[cfe-dev] Confusing comment on LexTokenInternal

Mon Jul 6 22:10:09 PDT 2009

On Jul 6, 2009, at 2:10 PM, AlisdairM(public) wrote:

> I'm looking at how to add additional literals once Unicode types are  
> supported, which naturally takes me to the LexTokenInternal method  
> of the Lexer class.  The comment describing the function talks about  
> returning true/false, yet the function is void so cannot return  
> anything.

Fixed, thanks!

> I suspect the API has evolved since the comment was written, but it  
> makes me wonder about the validity of other parts of this comment,  
> such as assumed null-termination of the buffer.

Everything else in that function's comment still holds.  Buffers are  
still required to be nul terminated.

> As this code is clearly marked as performance sensitive, I am being  
> quite careful before proposing changes for multiple string/character  
> literal types.  The simple drop-through for 'L' will no longer work  
> as we have 10(!) possible literal prefixes in C++0x:
>
>  <empty>
>  L
>  R
>  U
>  u
>  u8
>  LR
>  UR
>  uR
>  u8R
>
> Also, the R variants only apply to string literals, not character  
> literals.

Ok, eww :).

> We must preserve enough info to continue parsing as an identifier if  
> we do not find the ' or " character.  In the odd case we find a '  
> following an R I believe we parse the chars up to and including R as  
> an identifier (maybe a macro) and start a fresh narrow-character  
> literal token with the ' and no intervening whitespace.
>
> Yuck :(

This is probably after the first translation phase, so you also have  
to thing about newlines and trigraphs, double yuck :)

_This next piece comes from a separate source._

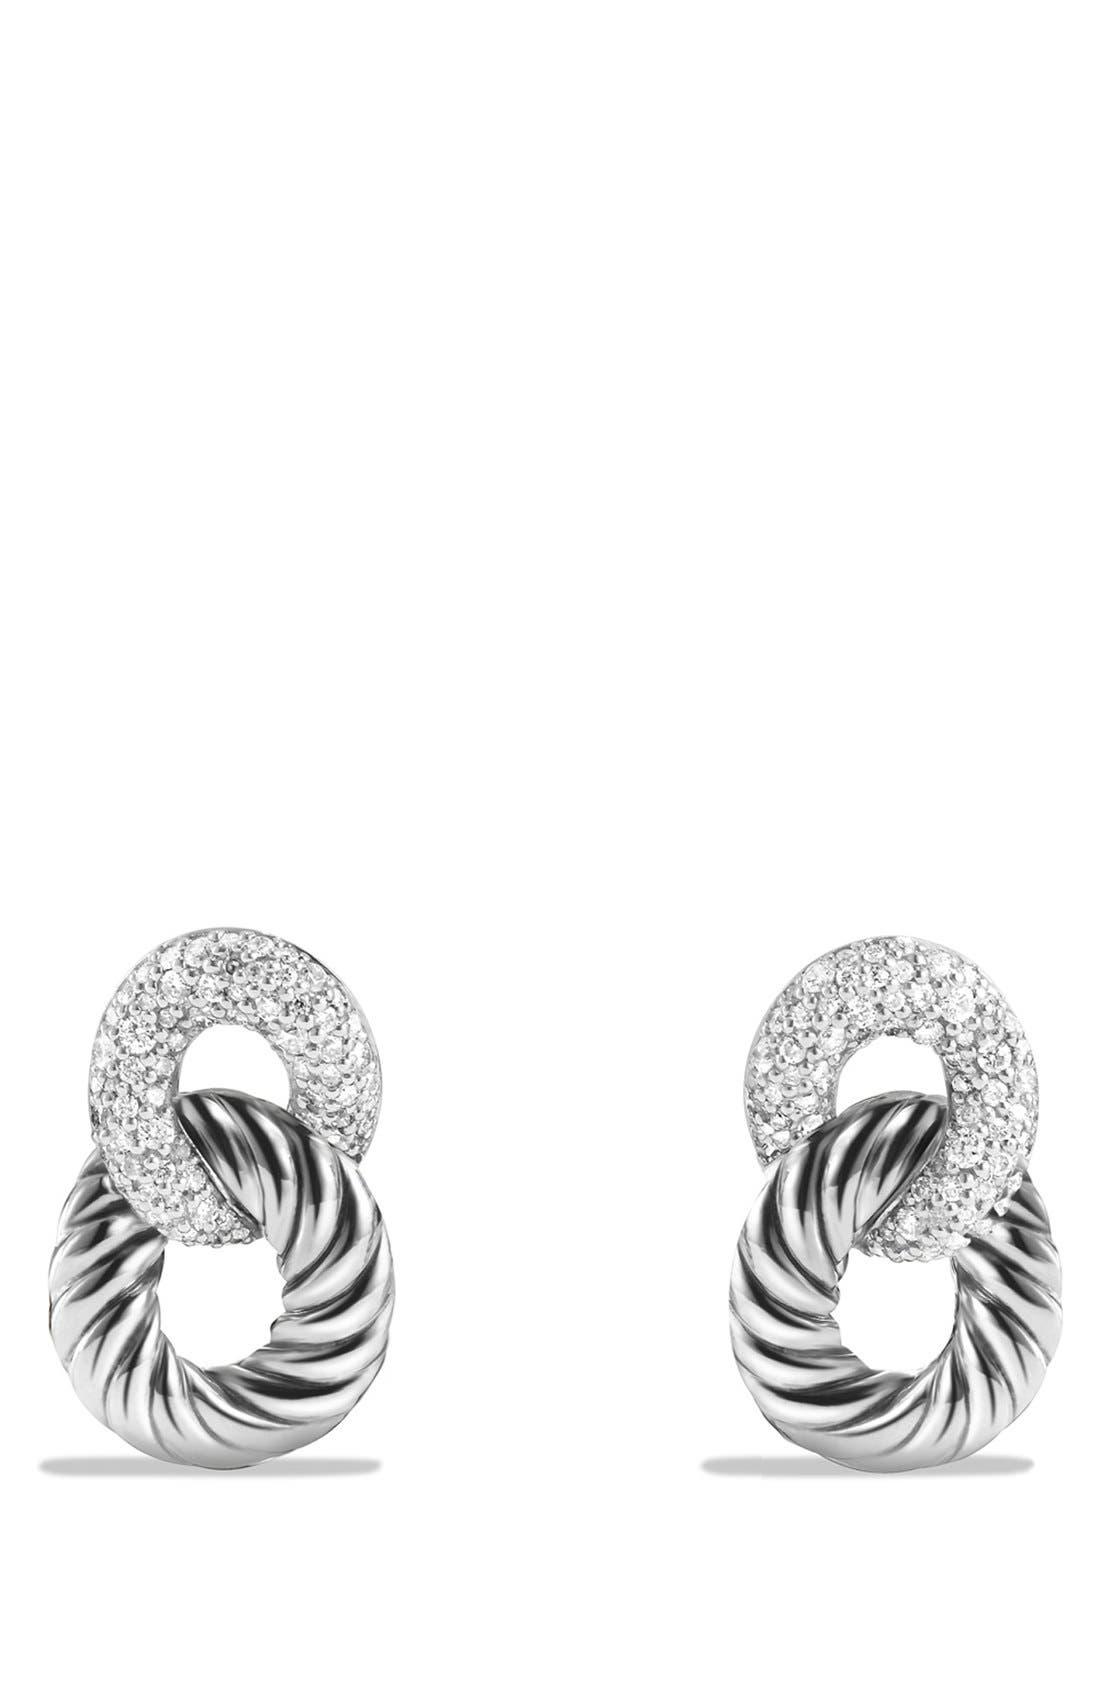 David Yurman'Belmont Curb Link' Drop Earrings with Diamonds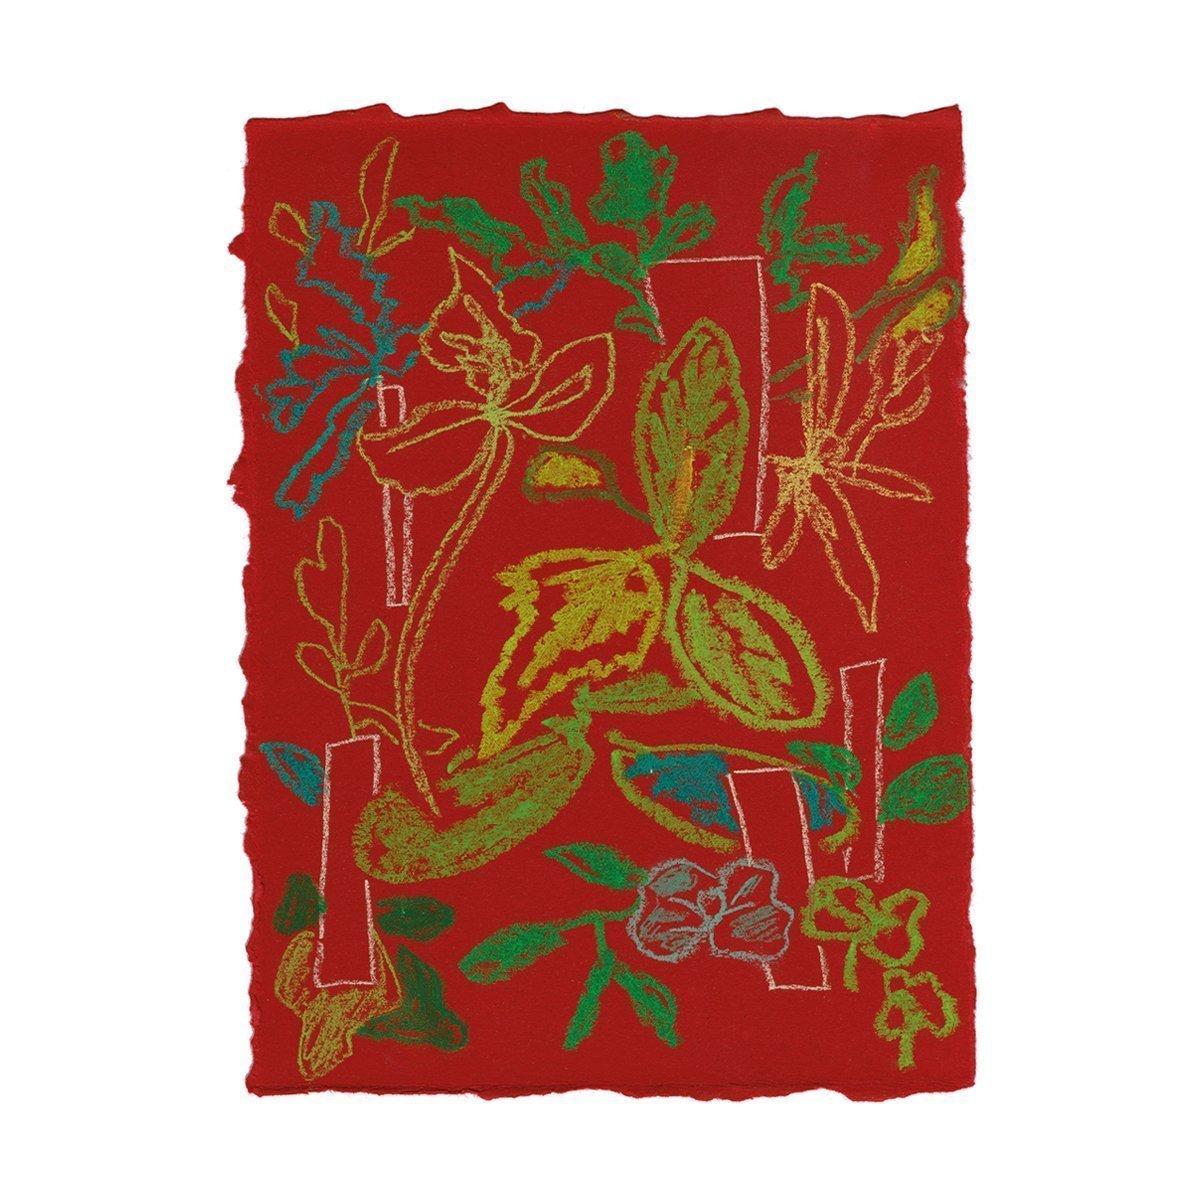 Moooi Carpets Sprouts Vloerkleed - Low Pile - 150 x 200 cm.

> I also notice that characters beyond the 7-bit ASCII range are  
> deemed 'unknown' rather than potential identifiers.  Ideally we  
> should be checking for a valid UTF-8 sequence and allowing through  
> as an identifier in that case (consuming the full glyph).  This  
> seems a perquisite to adding UCN support for identifiers, as UCNs  
> will (presumably) map to the equivalent UTF-8 sequence.  However, I  
> am not sure how much further investigation here should look into GCC  
> ABI to describe mangling of identifiers with extended characters.

Yes, characters in the 128->255 range should definitely be considered  
potential identifiers at some point (when we support unicode better).

I would strongly recommend decomposing the problems you're working on  
into orthogonal pieces.  Please attack unicode before (and  
independently) of raw strings, or raw strings independently of  
unicode.  In LLVM and Clang, we strongly prefer incremental patches  
that get us going in the right direction over massive patches that  
implement an entire feature.

-Chris